Today nanolithography techniques have reached maturity and are used on a wide scale for industrial production of integrated circuits with lower and lower pattern size. Among these nanolithography techniques, the optical ones are the most spread.
The shrinkage of the device size comes to the increase of costs regarding the optical lithography process. This cost increase happens especially when entering the sub-100 nm range for the pattern size.
There are two other challenges that today optically lithography techniques may not achieve:
a) ability to be directly applied to a wide range of materials (substrate & thin films) without using supplementary protection layers;
b) to fabricate really 3D structures at the nanoscale.
New nanolithography techniques have emerged, the most promising being those based on scanning probe techniques, such as dip pen nanolithography (DPN), fountain pen nanolithography, near field optical lithography, lithography based on the use of scanning tunneling microscope. However, they still lack the ability to build 3D structures.

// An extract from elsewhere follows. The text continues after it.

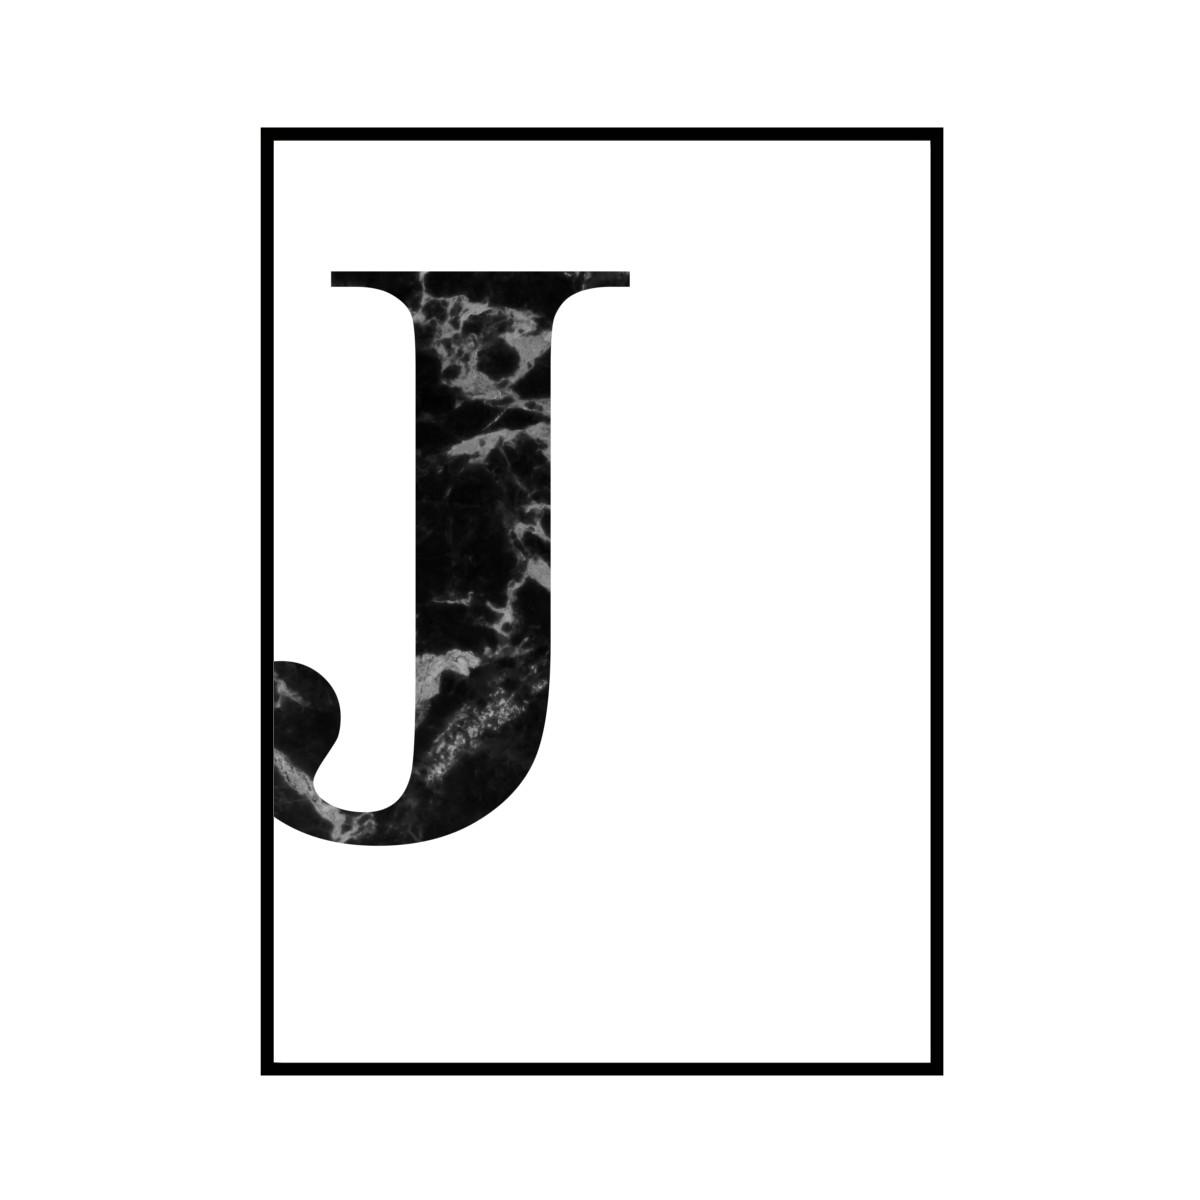 """J"" 黒大理石 - Black marble - ALPHAシリーズ [SD-000511] A1サイズ フレームセット"
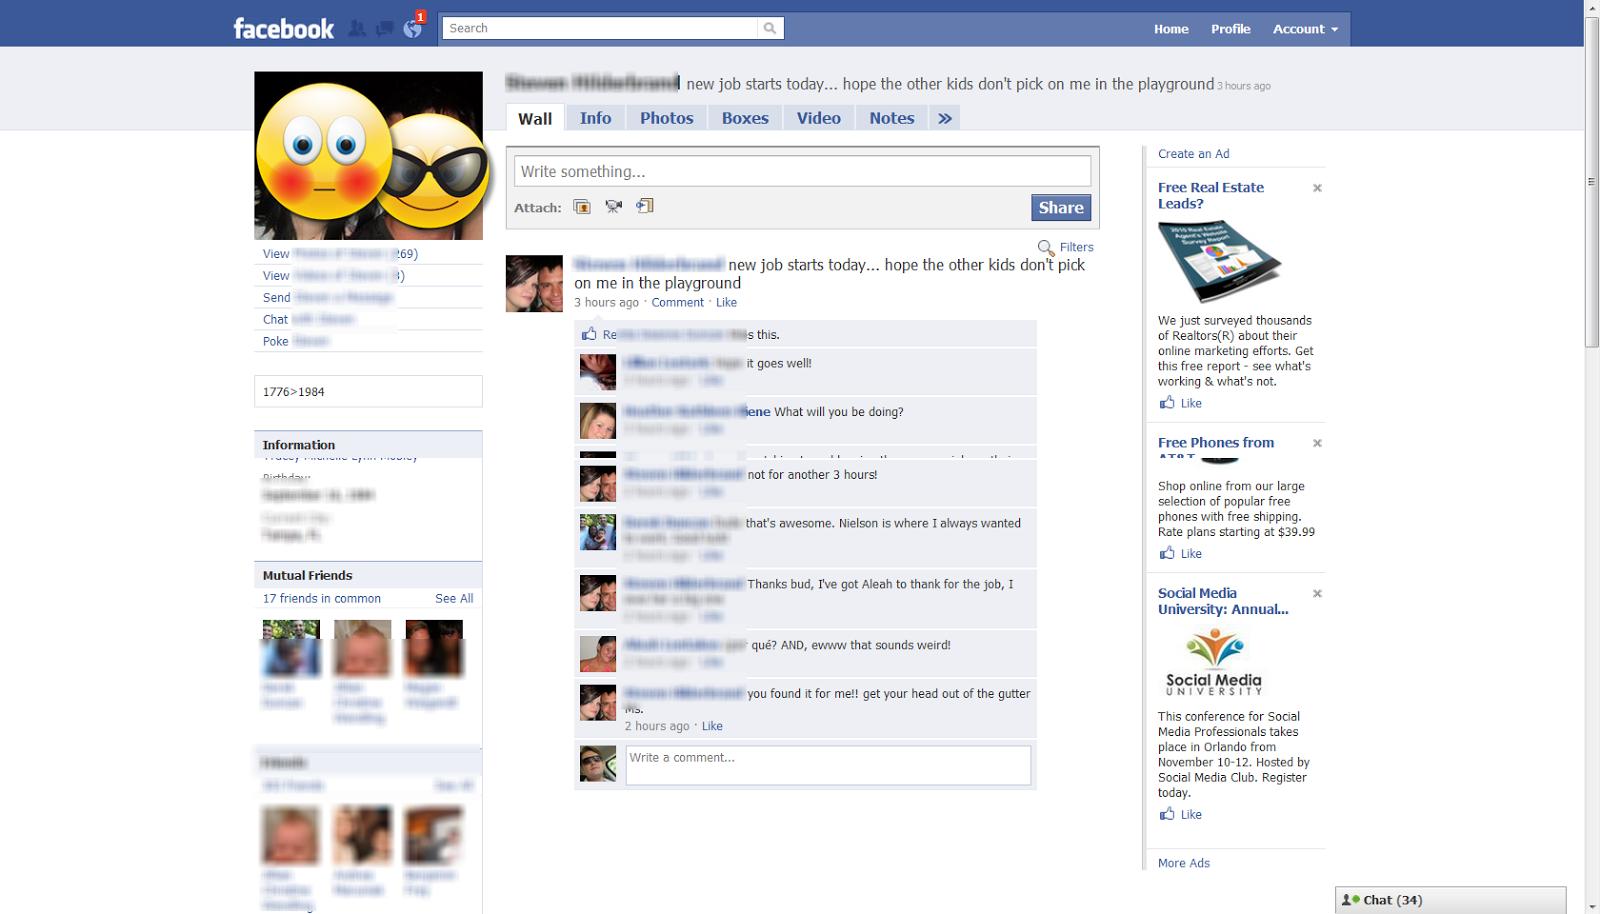 Kumpulan Status Facebook Lucu Terbaru 2014 Juragan Unyu

For the present project, there are several questions that will be addressed:
1) which are the physical processes that may be used for achieving fully 3D nanoscale fabrication?
2) what class(es) of materials is / are suitable for such a use?
3) which are the technological steps for achieving that goal?
4) which are the tools (hardware, software) necessary for implementing such a process?
5) which are the main hurdles for passing to a well established technological process?
6) which is the complexity degree of the 3D geometries that can be obtained by using such a process?
7) is there any possibility to obtain a high yield technological process?
Answering to at least some of these questions will bring the novelty of our contribution.